Ali Kassas

Personal information
- Full name: Ali Mohamad Kassas
- Date of birth: 25 May 2003 (age 23)
- Place of birth: Younine, Lebanon
- Height: 1.80 m (5 ft 11 in)
- Position: Forward

Team information
- Current team: Nejmeh
- Number: 11

Youth career
- 2016–2021: Nejmeh

Senior career*
- Years: Team / Apps / (Gls)
- 2021–2023: Nejmeh / 5 / (0)
- 2022: → AC Sporting (loan) / 3 / (0)
- 2023–2024: Bourj / 22 / (5)
- 2024–2025: Safa / 25 / (8)
- 2025–: Nejmeh / 25 / (12)

International career^{‡}
- 2021: Lebanon U18
- 2022: Lebanon U20 / 3 / (3)
- 2023–: Lebanon U23 / 10 / (0)
- 2024–: Lebanon / 10 / (1)

Medal record
Men's football
Representing Lebanon
WAFF U-18 Championship
| Silver medal – second place | 2021 | U-18 Team |

= Ali Kassas =

Lebanese footballer (born 2003)

Ali Mohamad Kassas (علي محمد قصاص; born 25 May 2003) is a Lebanese footballer who plays as a forward for club Nejmeh and the Lebanon national team.

==Club career==

===Nejmeh and loan to AC Sporting===
Kassas joined Nejmeh's youth setup in 2016, and was crowned top scorer of the U18 league with 29 goals in 2021. He made his senior debut for Nejmeh on 29 April 2021, coming on as a substitute against Tripoli in the Lebanese FA Cup.
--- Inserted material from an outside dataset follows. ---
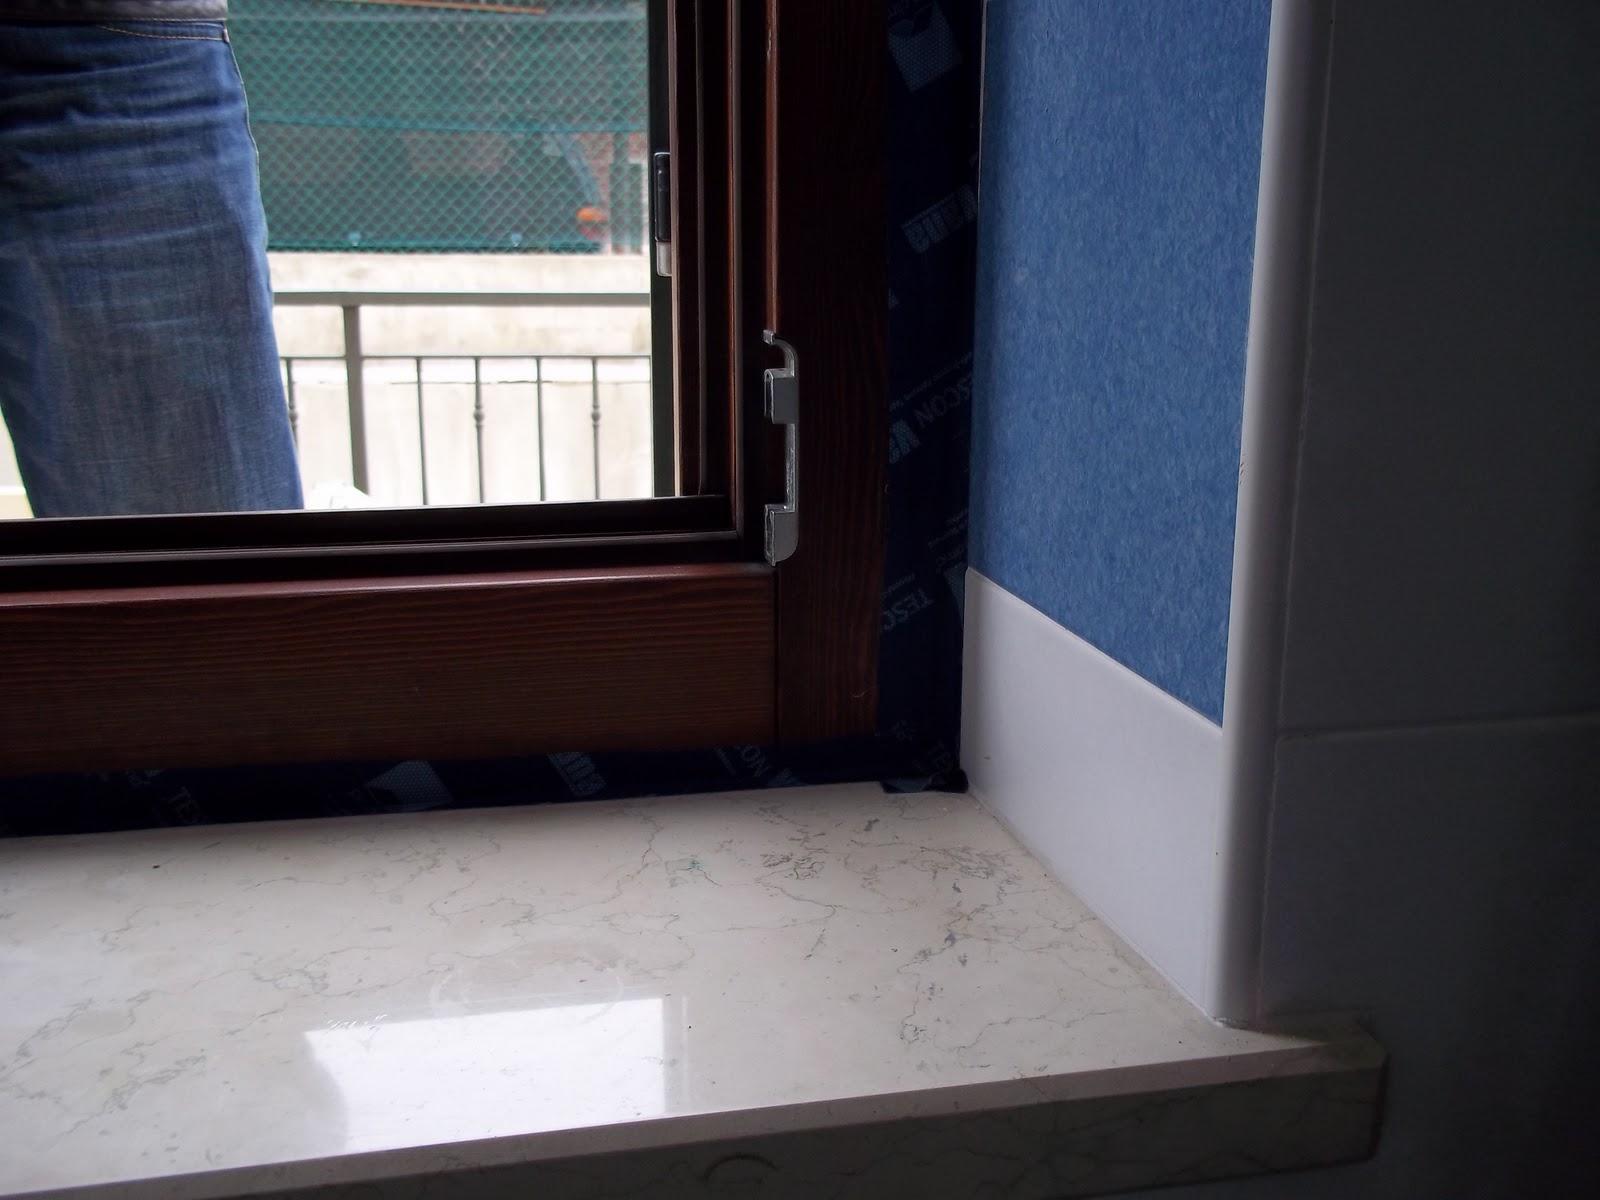 Scopri il legno riqualificazione montaggio finestra - Finestra interna ...
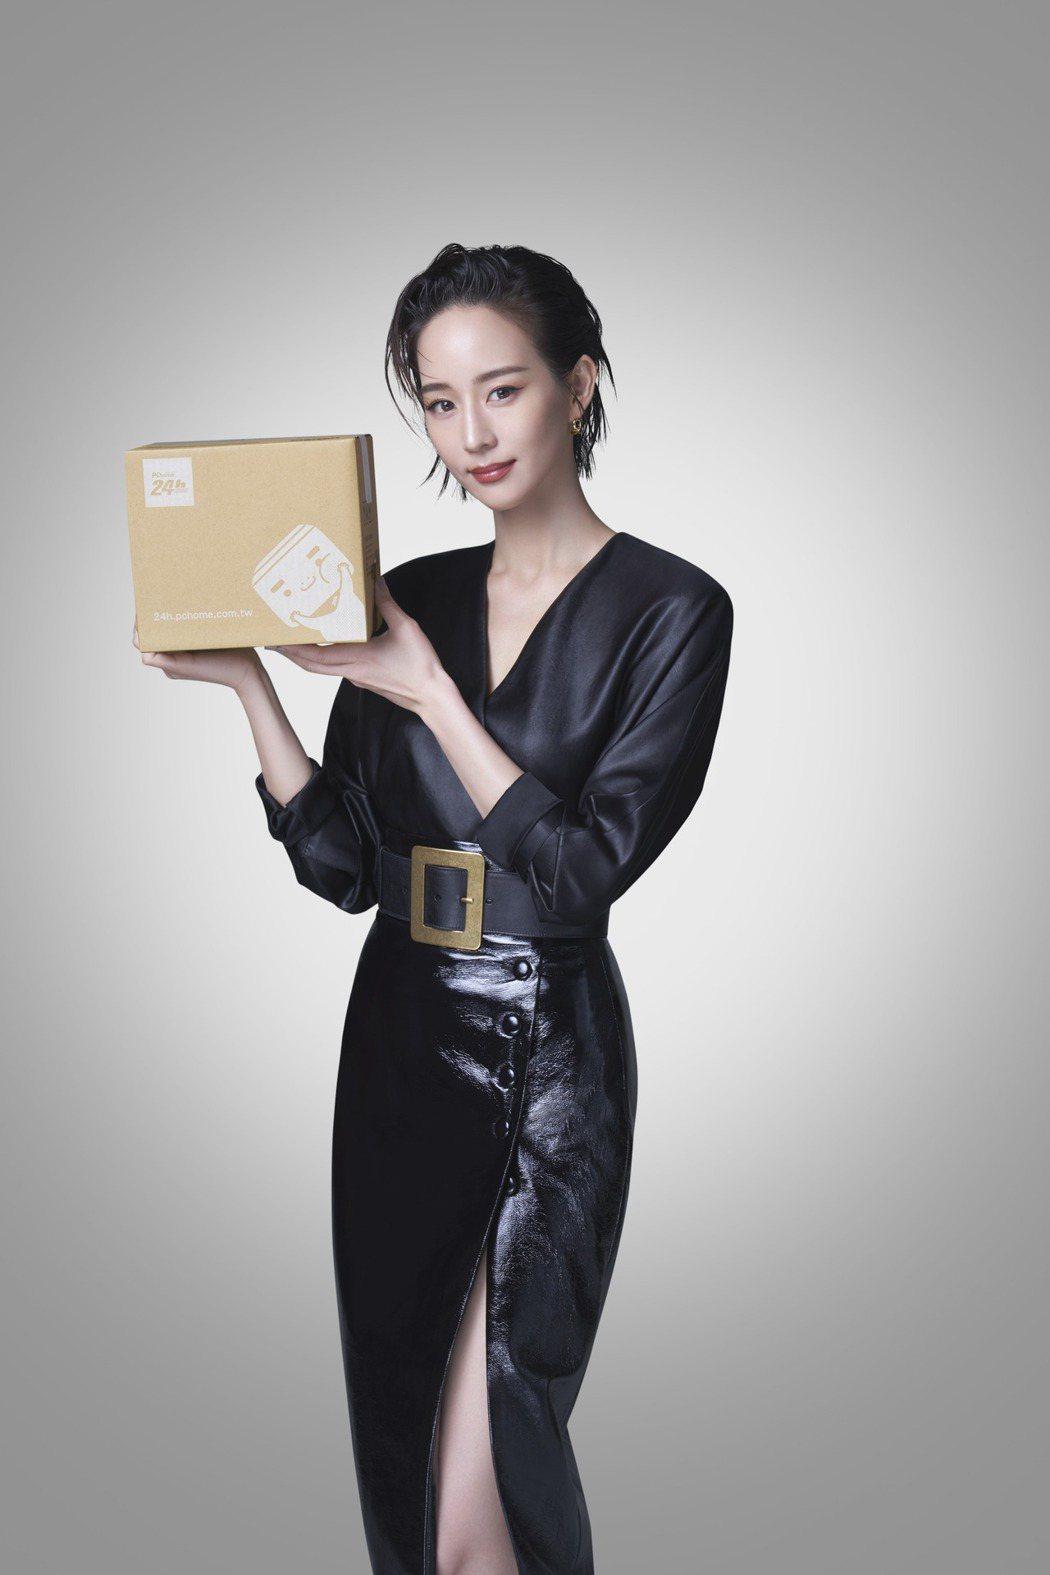 張鈞甯主演「清單速配中」熱播。圖/PChome線上購物提供

In February 2022, Kassas was loaned out to AC Sporting for the remainder of the 2021–22 season, in which he made three appearances in the league. He was released by Nejmeh in June 2023.

===Bourj and Safa===
Kassas signed for Bourj as a free agent in June 2023. He scored his first senior goal on 27 October 2023, helping Bourj win 2–1 over Shabab Sahel. Kassas finished the 2023–24 season with five goals in 22 league appearances.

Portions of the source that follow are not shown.